Early diagnosis improves cancer outcomes by providing care at the earliest possible stage and may increase the chance of survival compared to when it is detected at a later stage. Now, a new study in mice by researchers at Queen’s University Belfast demonstrates how the pathway of an identified protein could lead to early diagnosis and targeted treatment for several cancers and brain disorders.

The researchers uncovered how the molecular pathway of ZNF827 is essential for brain development and how an alteration to its pathway could result in the spread of cancer. Their study is published in Nature Cell Biology, in a paper titled, “A complex epigenome-splicing crosstalk governs epithelial-to-mesenchymal transition in metastasis and brain development.”

“Epithelial-to-mesenchymal transition (EMT) renders epithelial cells migratory properties.

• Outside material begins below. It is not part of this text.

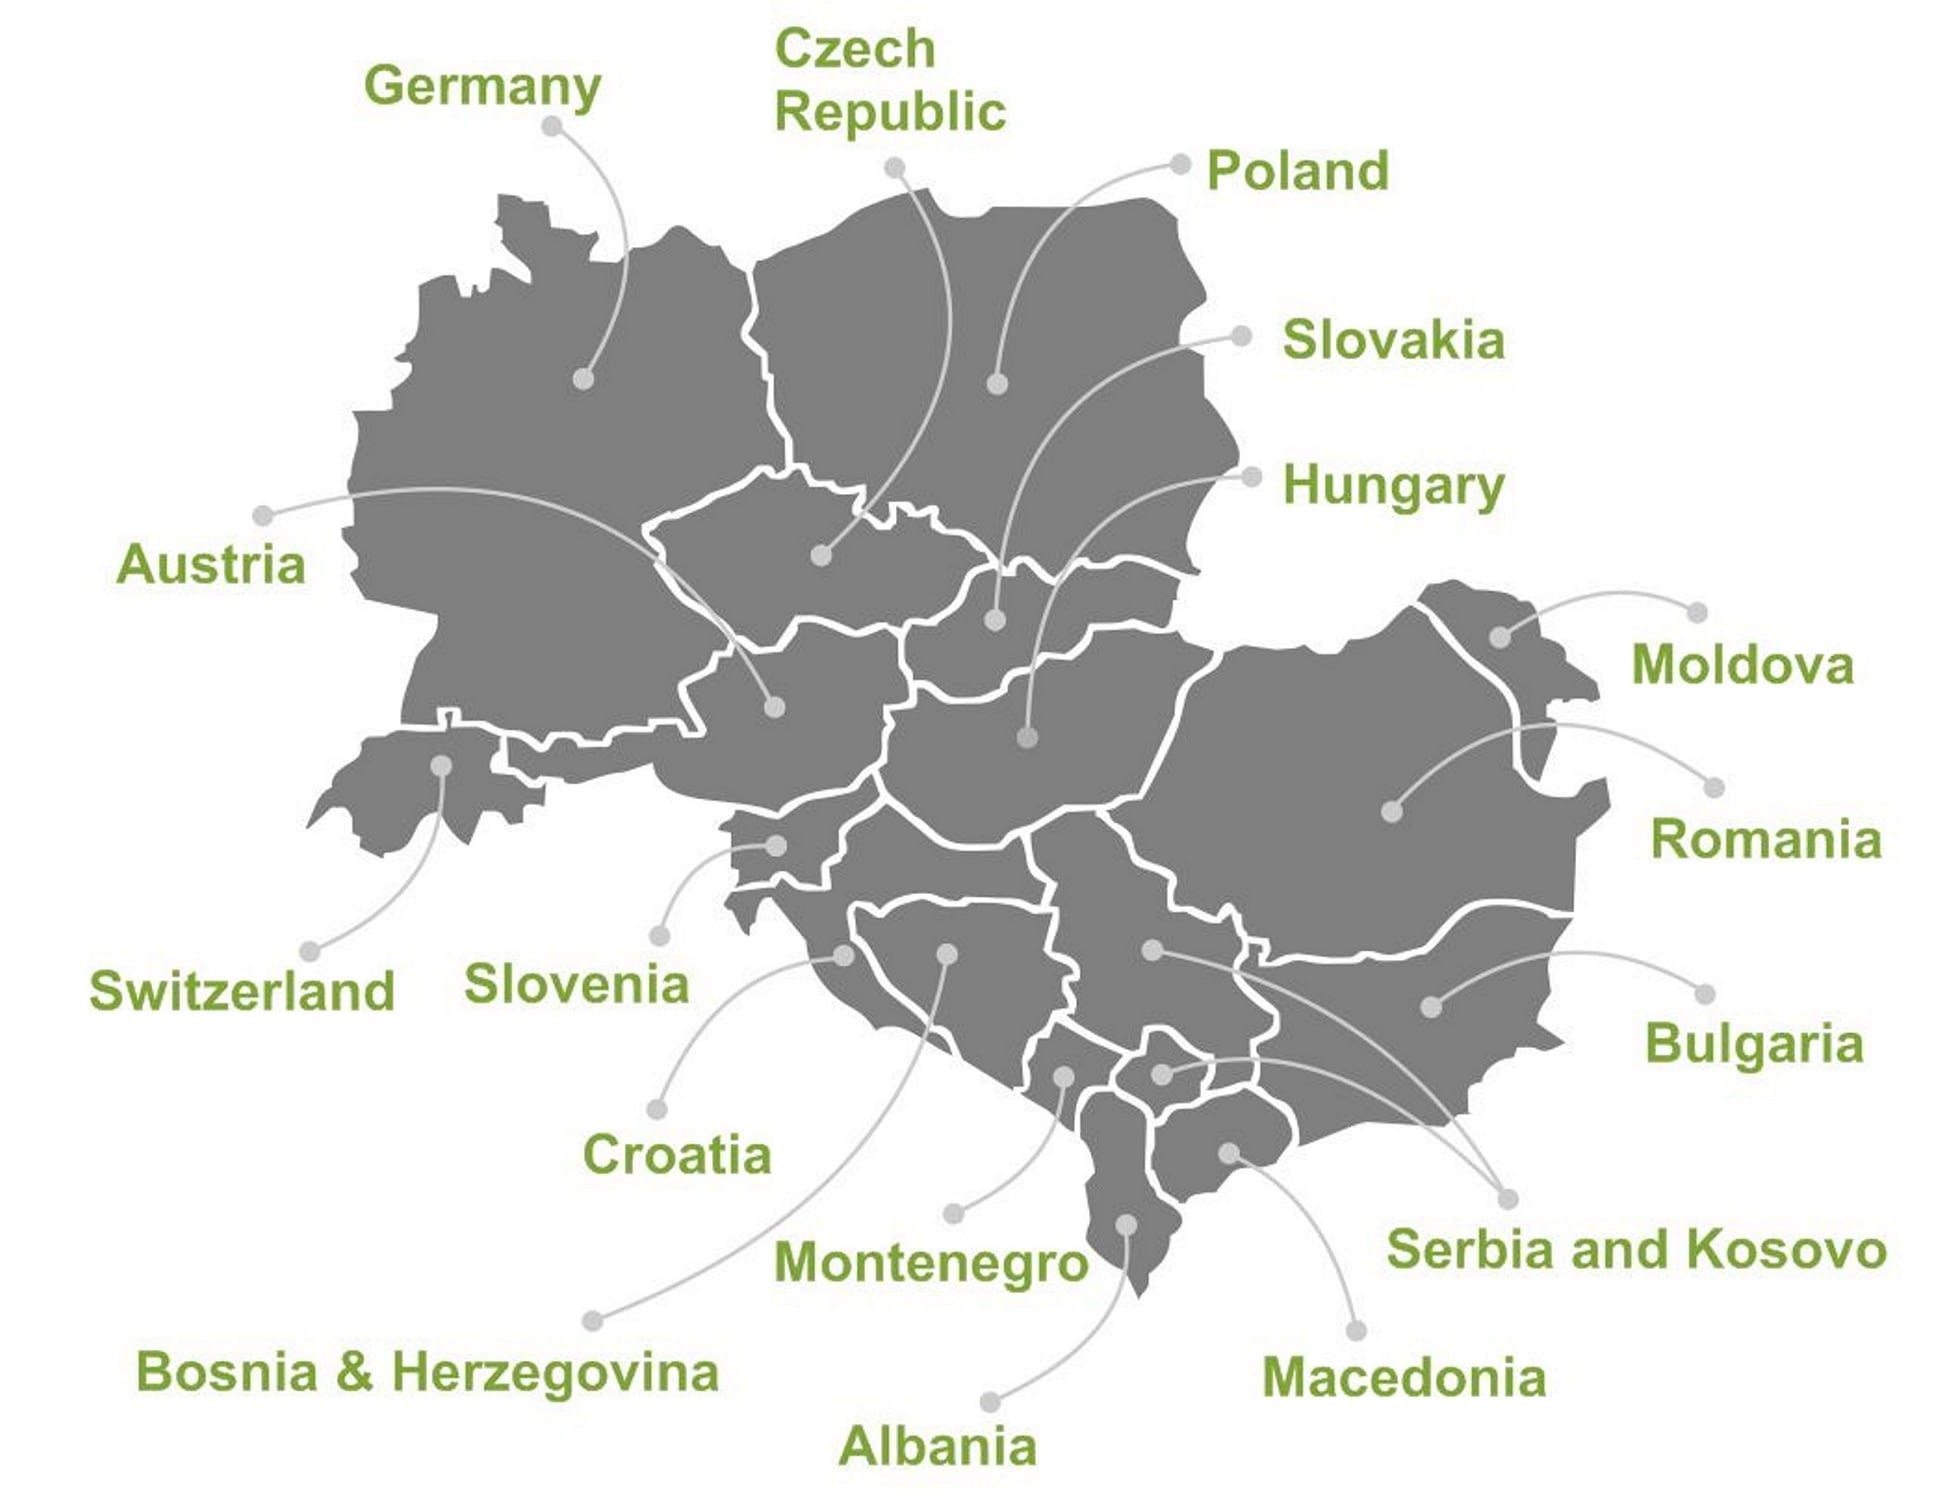 The grey map of the countries where CEE Assistance provides CEE Direct solution: Albania, Macedonia, Serbia and Kosovo, Bulgaria, Romania, Moldova, Hungary, Slovakia, Poland, Czech Republic, Germany, Austria, Switzerland, Slovenia, Croatia, Bosnia & Herzegovina, Montenegro.

While epigenetic and splicing changes have been implicated in EMT, the mechanisms governing their crosstalk remain poorly understood,” wrote the researchers. “Here we discovered that a C2H2 zinc finger protein, ZNF827, is strongly induced during various contexts of EMT, including in brain development and breast cancer metastasis, and is required for the molecular and phenotypic changes underlying EMT in these processes.”

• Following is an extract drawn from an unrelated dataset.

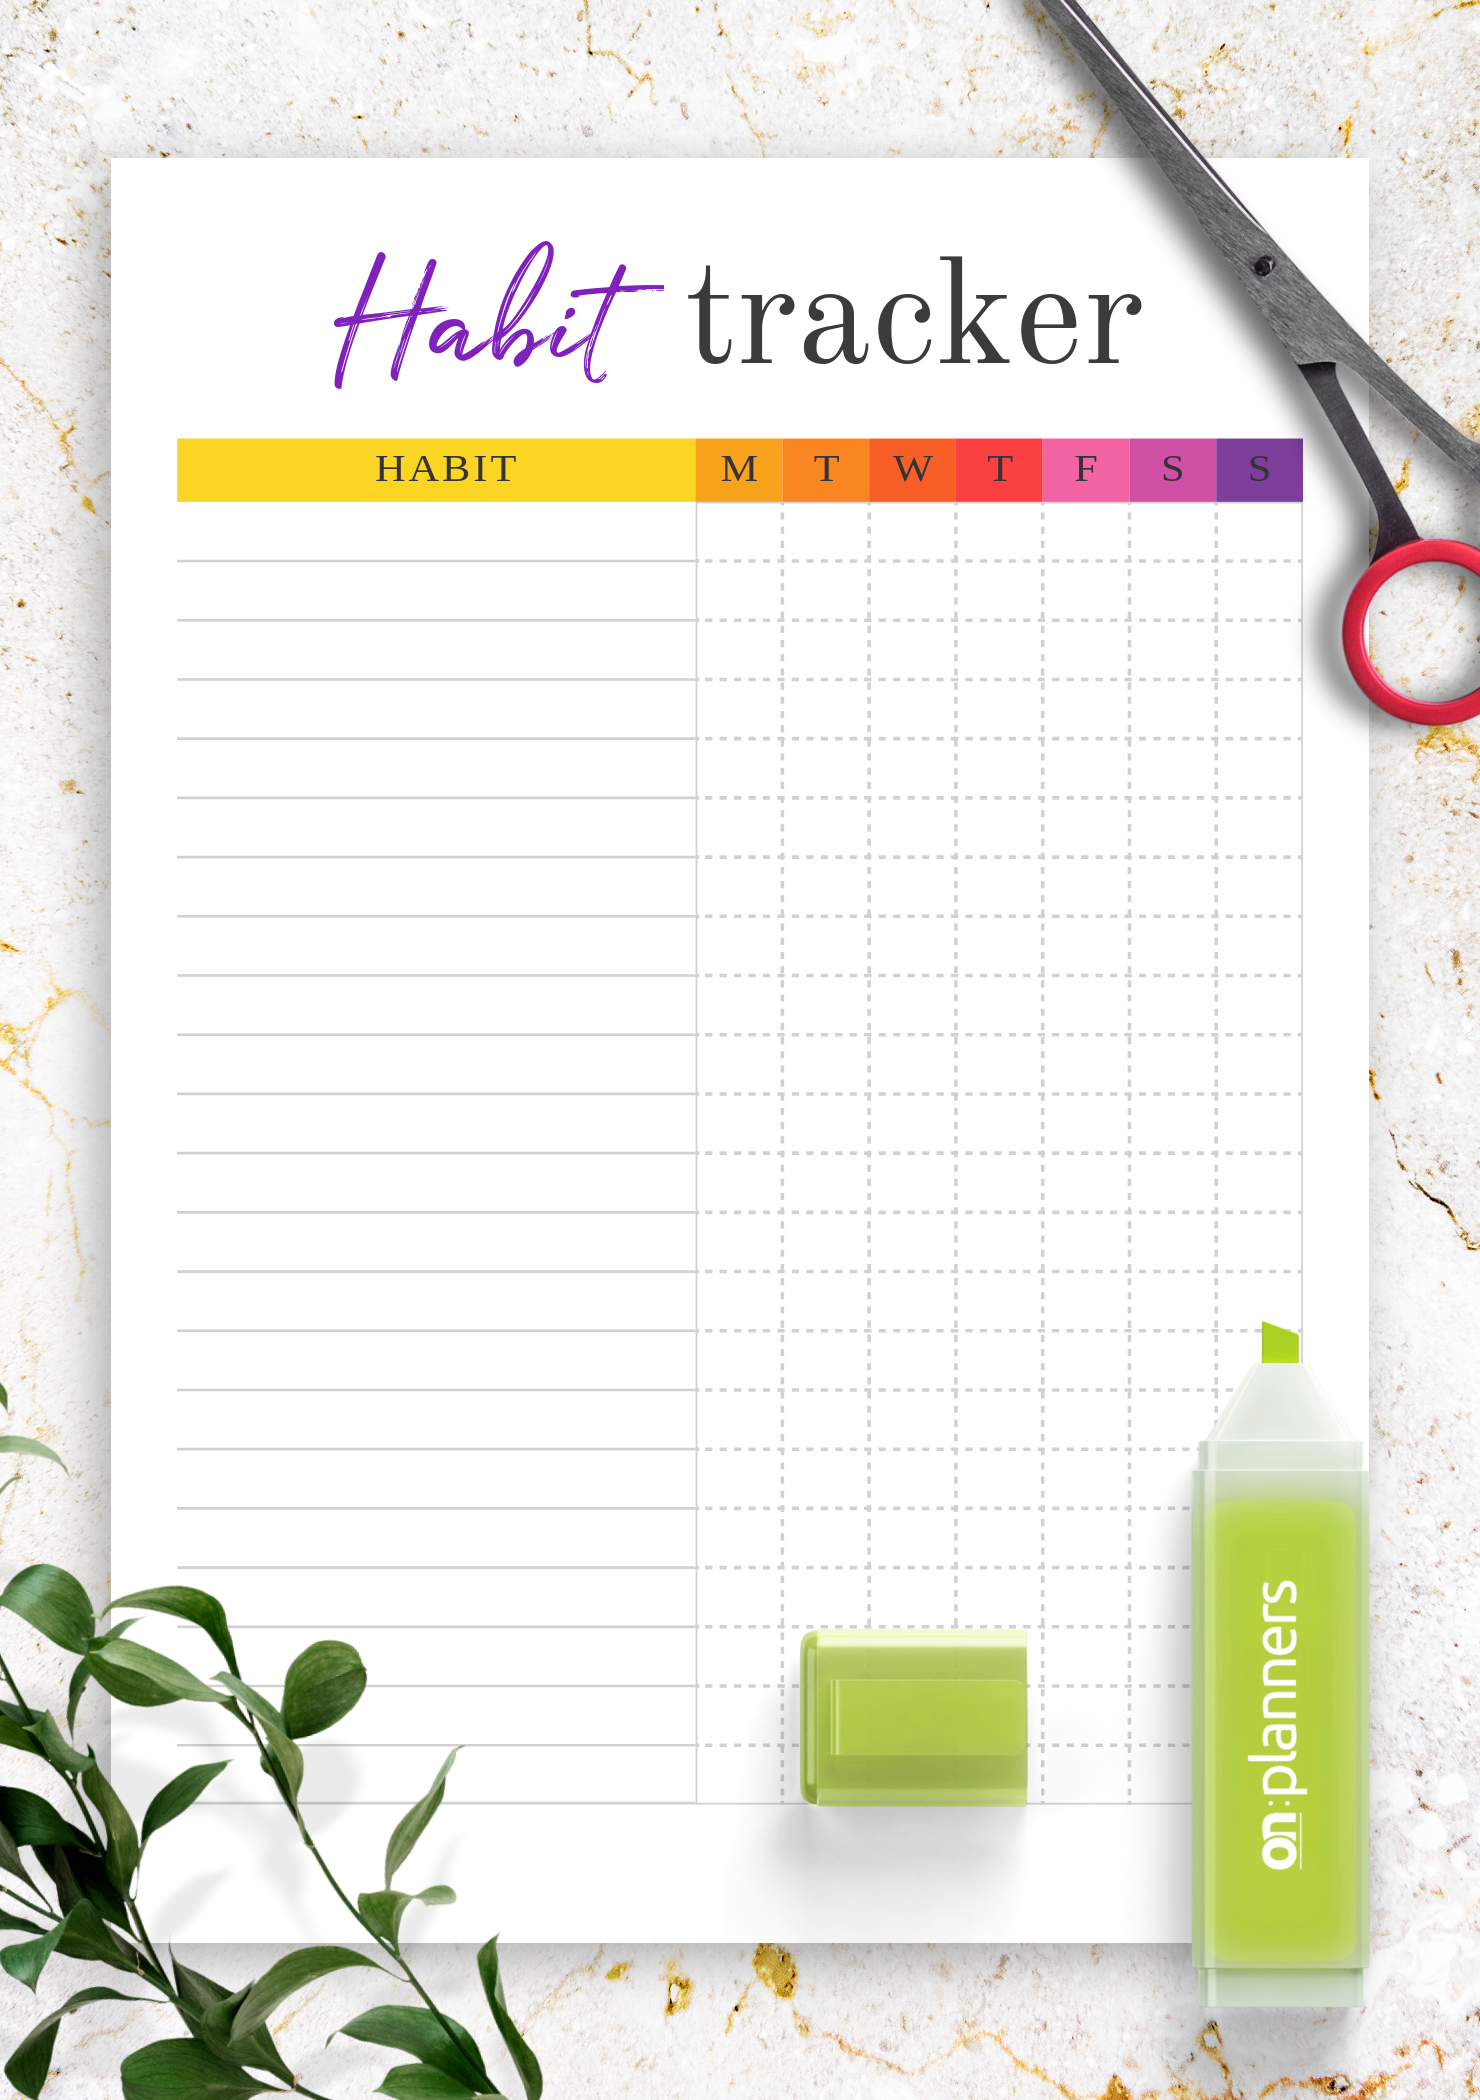 Paper Party Supplies Habit Tracker Template Habits Tracker Habit Log

Lead author, Vijay Tiwari, PhD, from the Wellcome-Wolfson Institute for Experimental Medicine at Queen’s University, explained: “Our study not only sheds light on the development of one of the most important organs in our body—the brain—but it also shows how the same protein that is key for brain development can also be the cause or target for the spread of cancer in the body, a real Jekyll and Hyde protein.

“The process for migrating newborn neurons to proper places during brain development is the same process exploited by tumor cells to gain migration potential, causing the movement of cancer throughout the body, or cancer metastasis.

“By identifying key regulators of these pathways, we open new opportunities for a therapeutic intervention against cancer and a better understanding of neurodevelopmental disorders involving defects in brain development.”

The discovery may have a significant impact on the fundamental understanding of cancer metastasis and brain development and potentially may lead to earlier diagnosis and better treatments.